Self-Supervised Learning

This section is dedicated to explaining how to perform pre-training and fine-tuning using any required datasets for ISLR.

Pretraining Dataset

The raw dataset used for pretraining is expected to be in HDF5 format, inorder to have faster random-access at frame-level for sampling random windows during pretraining.

HDF5 format

  • For each YouTube channel/playlist, we have different .h5 files.

  • Each .h5 file has 2 groups, namely keypoints (which has the actual pose data) and visibility (confidence scores for each keypoint returned)

  • Each group has multiple datasets in it, with name as the YouTube video and data of shape (F, K, C), where F is number of frames in that video chunk, K is the number of keypoints (75 in our dataset) and C is the number of channels (3 for keypoints and 1 for visibility)

Generating HDF5 datasets

  • See this script to extract pose for all the given videos using MediaPipe Holistic

  • Use this script to convert all the above individual pose files (in .pkl) to HDF5 format.

Download datasets

The following are the checkpoints scraped for Indian SL for raw pretraining (as mentioned in the OpenHands paper):

Source

Total Hours

Download Size

ISH News

145

16GB

MBM Vadodara

225

23GB

NewzHook

615

61GB

National Institute of Open Schooling (NIOS)

115

11GB

SIGN LIBRARY

29

3GB

For downloading data for the other 9 sign languages mentioned in our new work, please use the links below:

Sign Language

Total Duration

Download Size

American

879.25 Hrs

75.68GB

Australian

71.99 Hrs

6.46GB

British

675.78 Hrs

56.98GB

Chinese

305.65 Hrs

25.78GB

Greek

475.18 Hrs

40.44GB

Korean

426.72 Hrs

46.45GB

Russian

412.67 Hrs

35.32GB

Spanish

161.48 Hrs

`12 GB <https://zenodo.org/record/6990583/files/Spanish.zip`_

Turkish

48.50 Hrs

3.87 GB

Pre-training

Currently, the library supports pose-based pretraining based on the dense predictive coding (DPC) technique.

  • To perform pre-training, download the config from here

  • Set the root_dir for train_dataset and val_dataset.

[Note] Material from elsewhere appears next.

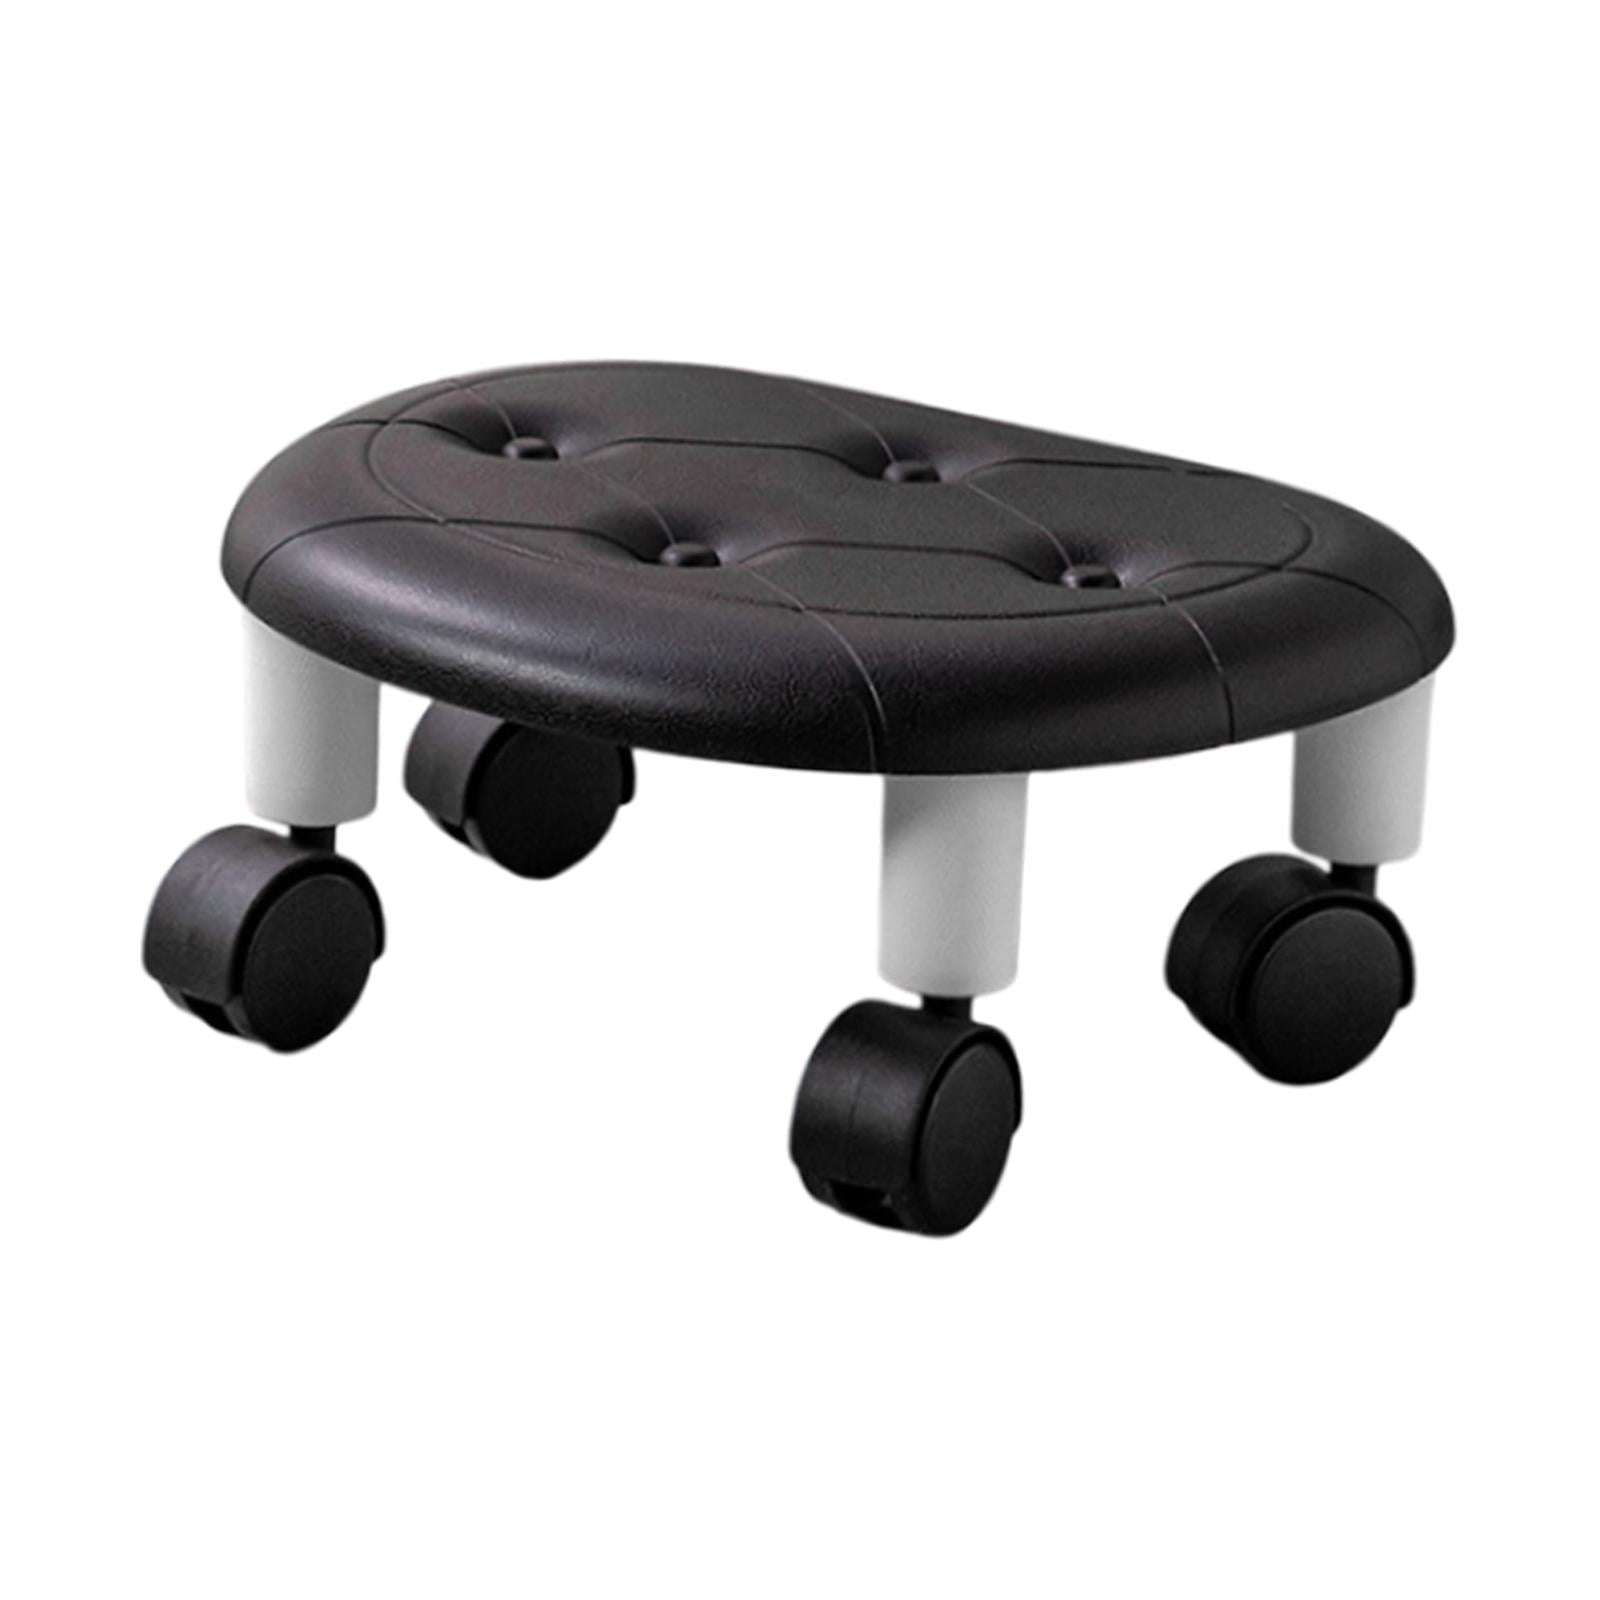 Low Roller Seat Stool Footrest Comfortable 360 Degree Rotating

Usually, HDF5 is used for training and a ISLR dataset like INCLUDE (from Datasets section) is used as validation set.

Finally, run the following snippet to perform the pretraining:

import omegaconf
from openhands.apis.dpc import PretrainingModelDPC

cfg = omegaconf.OmegaConf.load("path/to/config.yaml")
trainer = PretrainingModelDPC(cfg=cfg)
trainer.fit()

Fine-tuning

  • Ensure that the model parameters and pretrained checkpoint path are specified in a new config as shown in this fine-tuning example.

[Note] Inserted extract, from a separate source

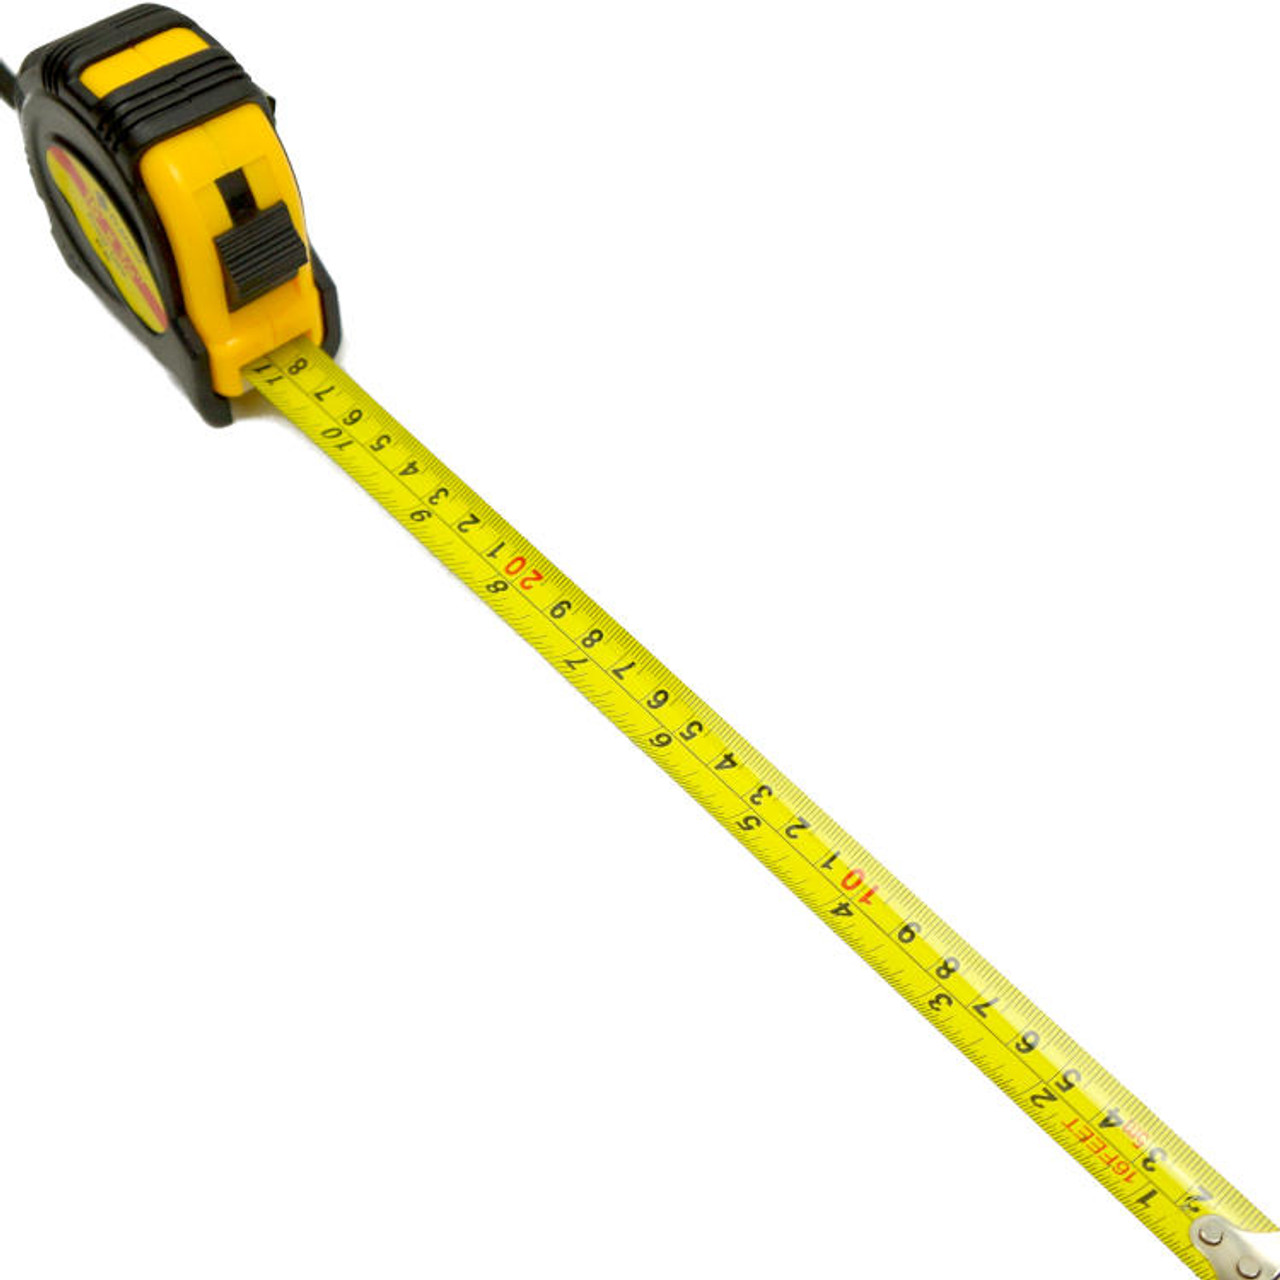 small tape measure keychain clip meter

  • Finally, you can perform the fine-tuning using the same snippet from the Training section.

Checkpoints

The following are the checkpoints reported in the paper, which was pretrained using the above mentioned Indian raw SL data, and finetuned on different labeled datasets.

Checkpoint

Download

DPC pretrained model

raw_dpc.zip

Model finetuned on DEVISIGN

devisign_dpc.zip

Model finetuned on INCLUDE

include_dpc.zip

Model finetuned on LSA64

lsa64_dpc.zip

Model finetuned on WLASL2000

wlasl_dpc.zip